Selon Katja Schlegel, psychologue à l’université de Berne, cette capacité des IA à comprendre les émotions et à créer des outils d’évaluation émotionnelle est impressionnante. Là où les humains mettent des mois à concevoir un test fiable, l’intelligence artificielle le fait en quelques minutes.
Pour Marcello Mortillaro, chercheur au Centre interfacultaire en sciences affectives (CISA) à Genève, ces IA montrent un véritable raisonnement émotionnel. Elles ne se contentent pas d’associer des mots ou des sentiments, elles adaptent leurs réponses à des contextes sociaux et émotionnels complexes.

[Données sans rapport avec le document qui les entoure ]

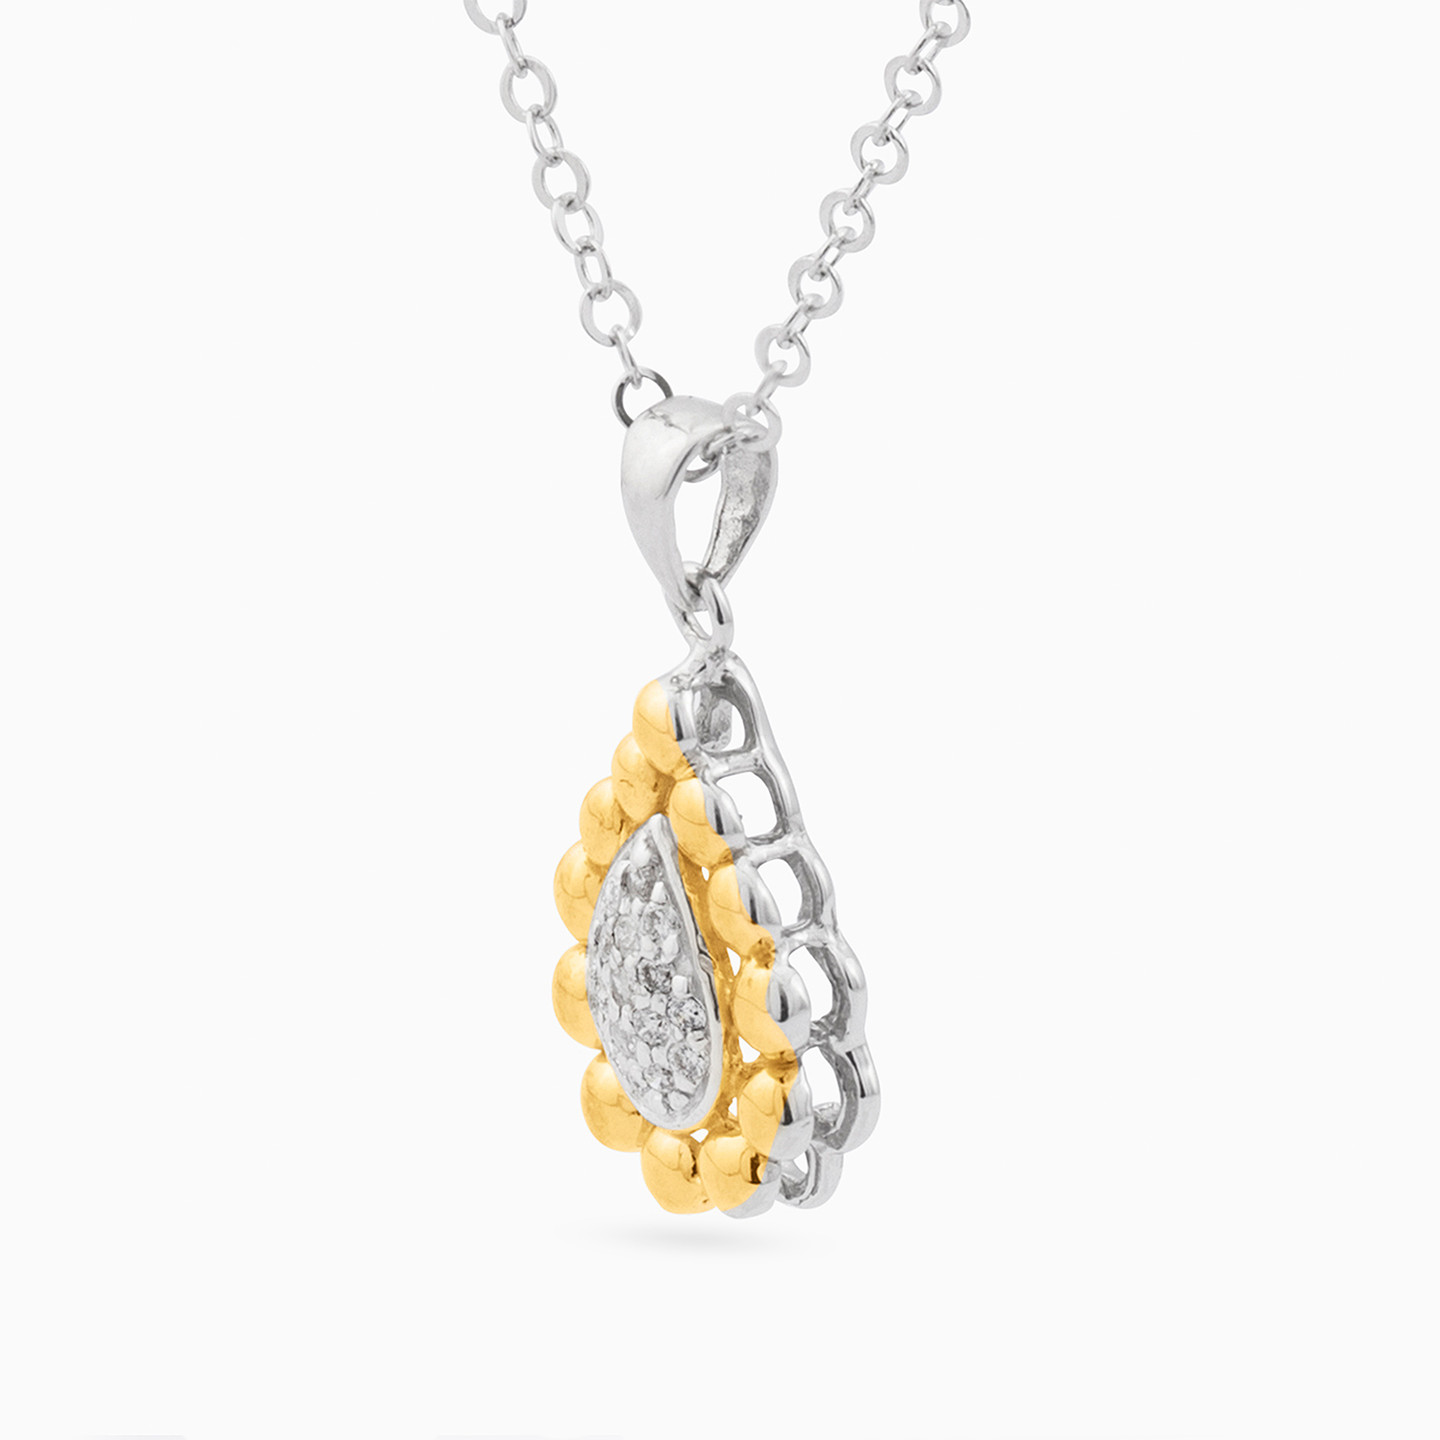 18K Gold Cubic Zirconia Pendant Necklace - 2

Des applications concrètes dans le monde professionnel ?
Naturellement, cette avancée technologique ouvre la porte à de multiples applications concrètes. Dans les entreprises, par exemple, une IA ayant une bonne intelligence émotionnelle pourrait former les salariés à la gestion des conflits, à la communication non violente, ou à l’écoute active. Dans les écoles, elle pourrait aider les enseignants à mieux comprendre les besoins émotionnels des élèves.
En santé mentale, certaines IA pourraient bientôt accompagner les psychologues et les coachs. Elles pourraient jouer un rôle d’assistants émotionnels, à condition d’être utilisées avec éthique et supervision humaine.
Des limites à ne pas négliger
Malgré ces résultats prometteurs, les chercheurs restent prudents. Ils ont d’ailleurs insisté sur l’importance de ne pas confondre compréhension émotionnelle et véritable empathie. Une IA en effet peut reconnaître une émotion et proposer une réaction adaptée, mais elle ne “ressent” pas. Elle simule, elle calcule, elle prédit, mais rien ne change au fait qu’elle ne vit pas l’émotion.
Autrement dit, il est essentiel de maintenir une frontière entre ce que la technologie peut faire et ce qui relève encore du lien humain, de l’intuition et de l’expérience personnelle.